The reply should consist solely of the lines from the one with "Angkor Wat, Siem Reap, Cambodia - 29" through the final line of the listing, copied exactly, with no pictures.

- [Data block]:
■ ■ ■ ■
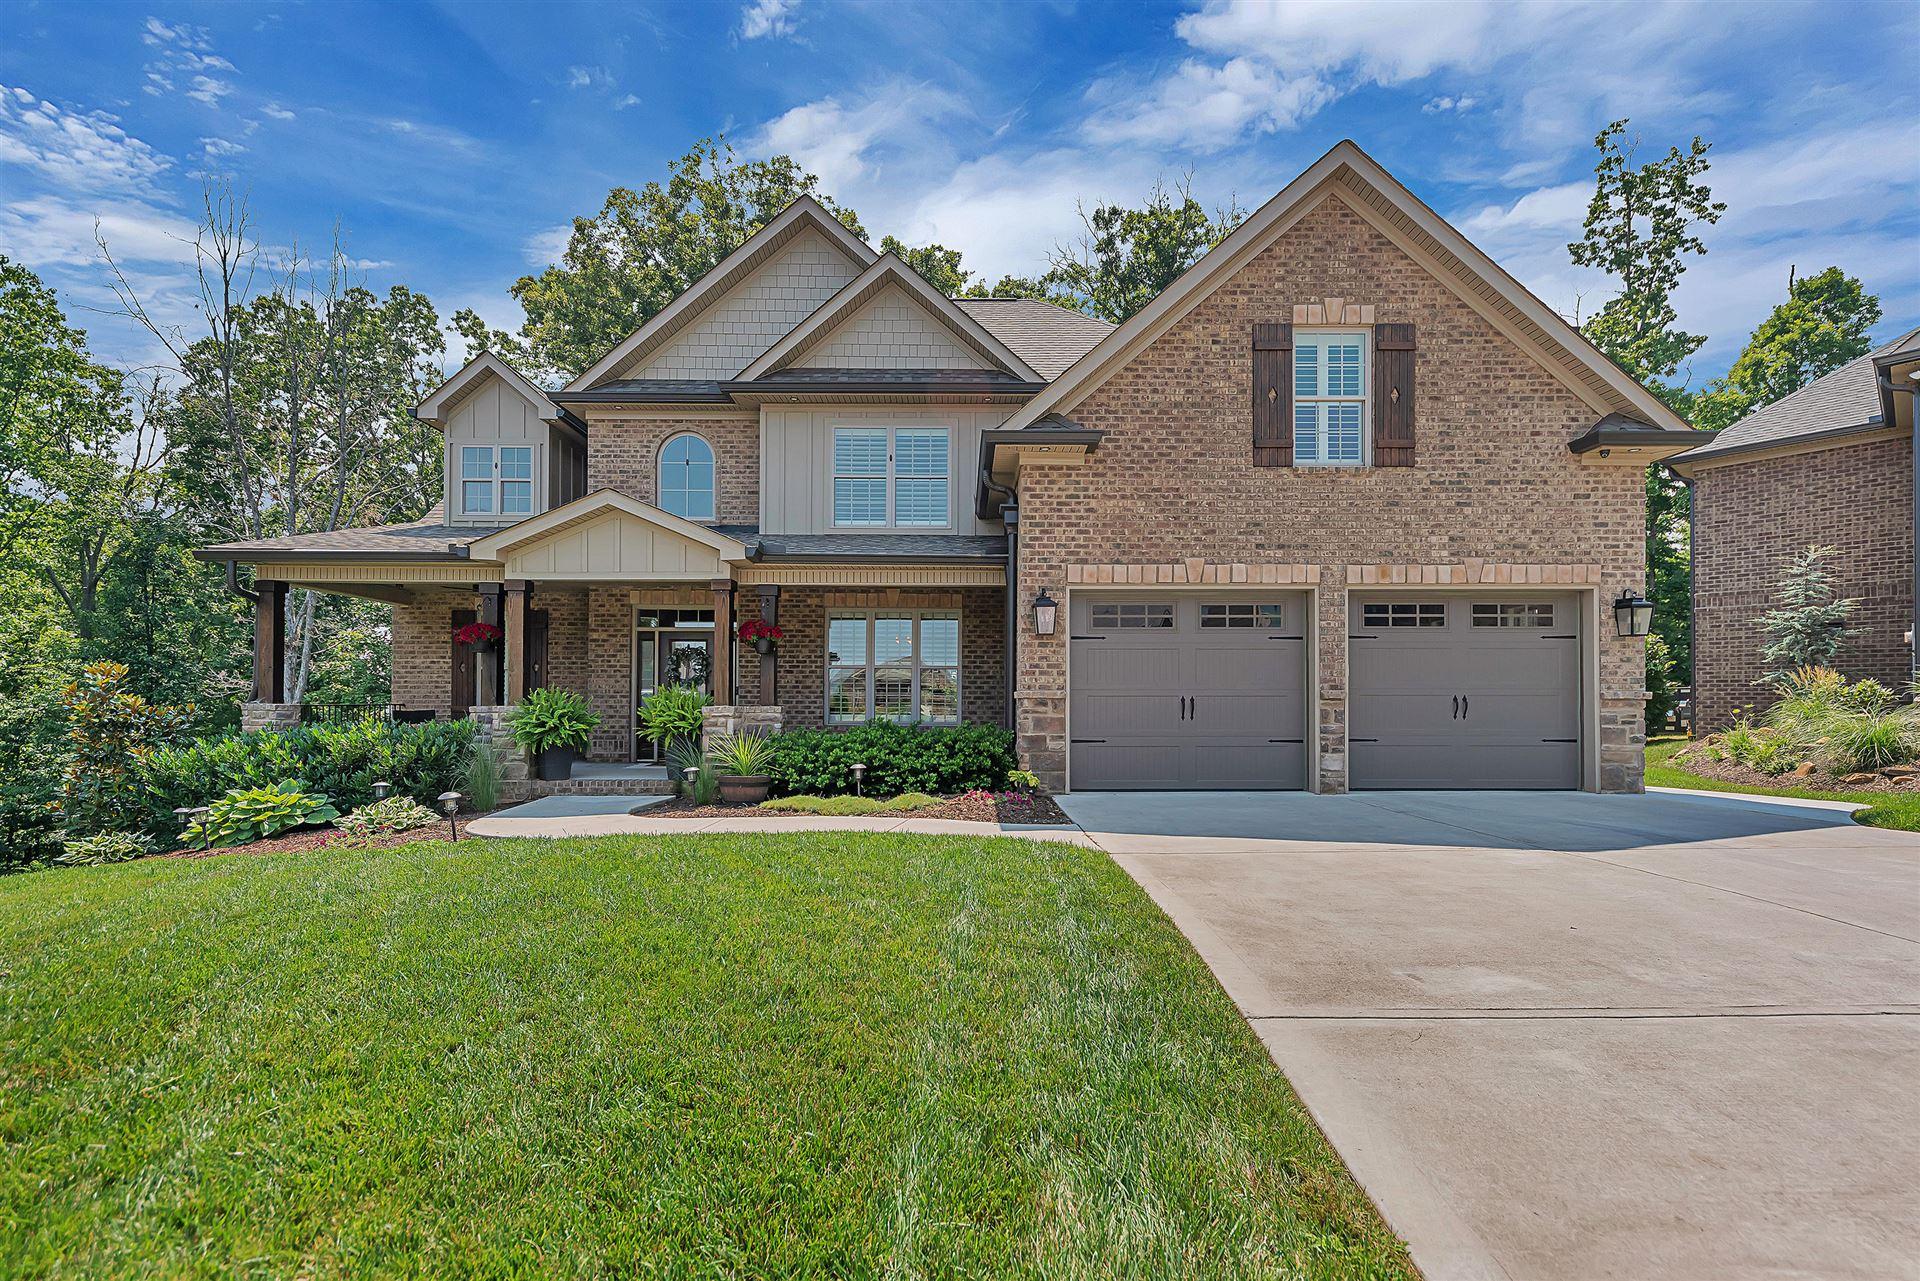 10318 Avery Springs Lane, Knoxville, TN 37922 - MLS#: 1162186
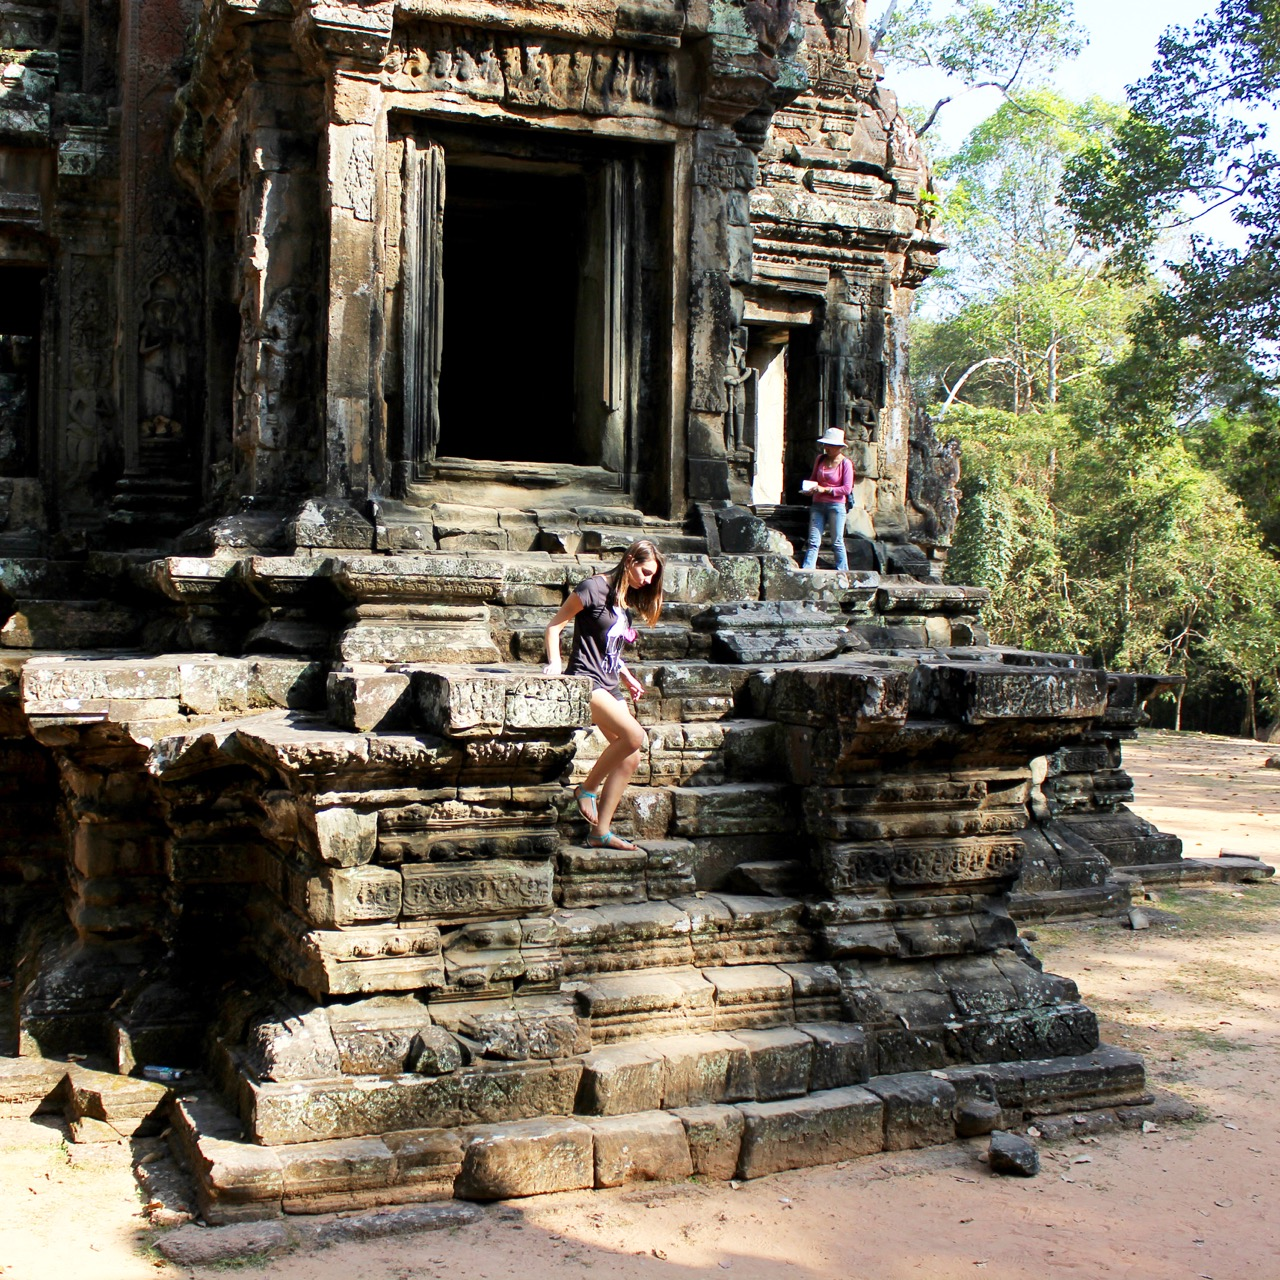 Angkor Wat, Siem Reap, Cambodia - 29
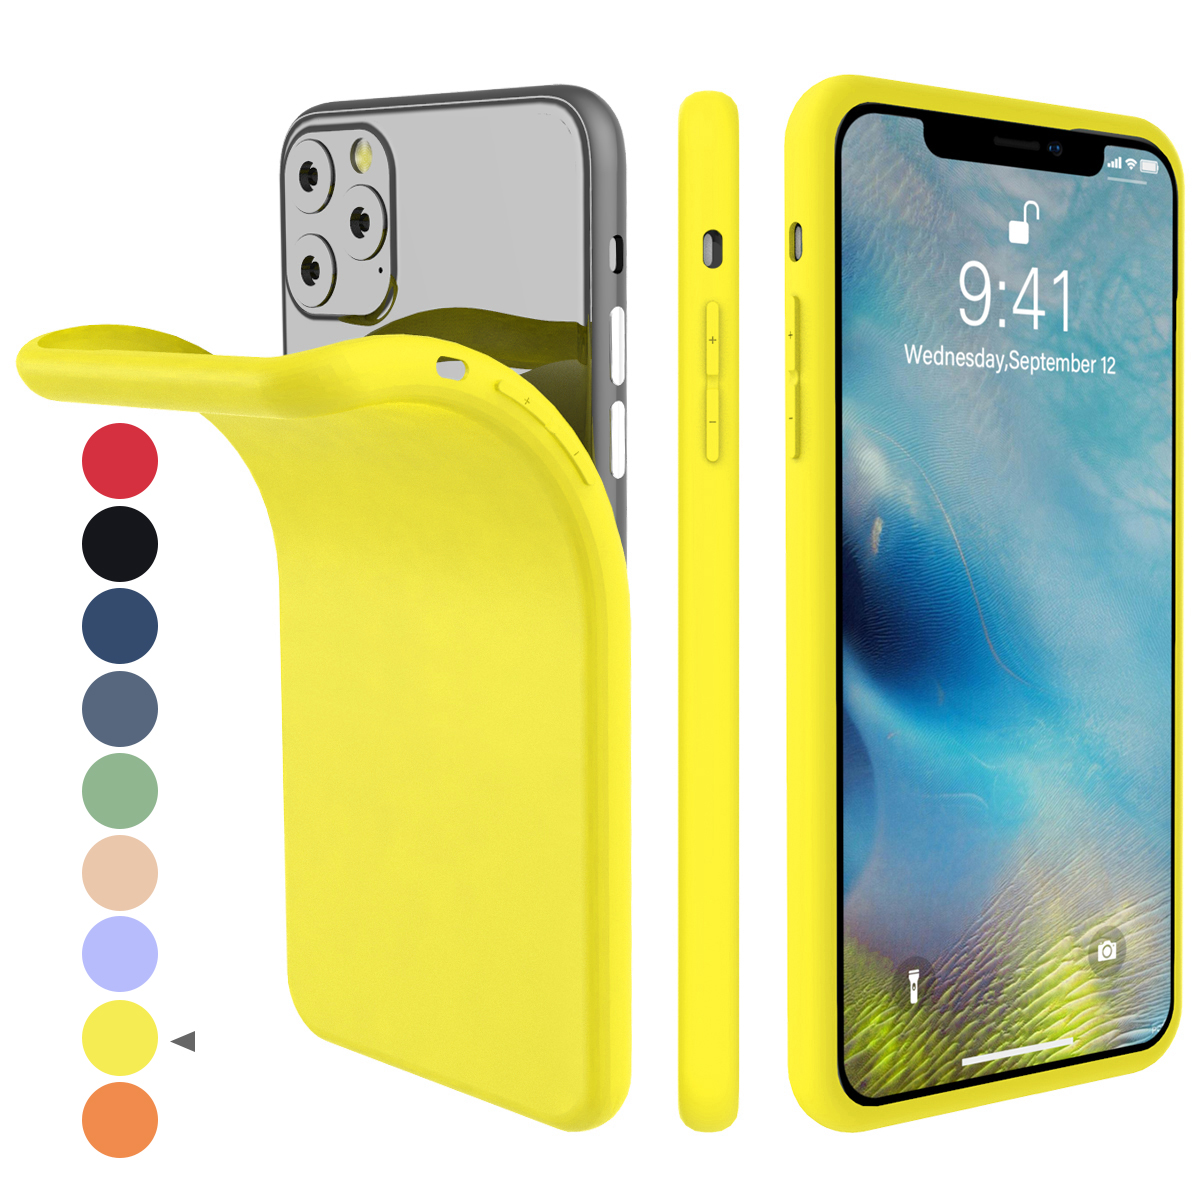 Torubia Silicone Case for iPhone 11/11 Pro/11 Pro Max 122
■ ■ ■ ■
- [Reply]:
 Angkor Wat, Siem Reap, Cambodia - 29
 Torubia Silicone Case for iPhone 11/11 Pro/11 Pro Max 122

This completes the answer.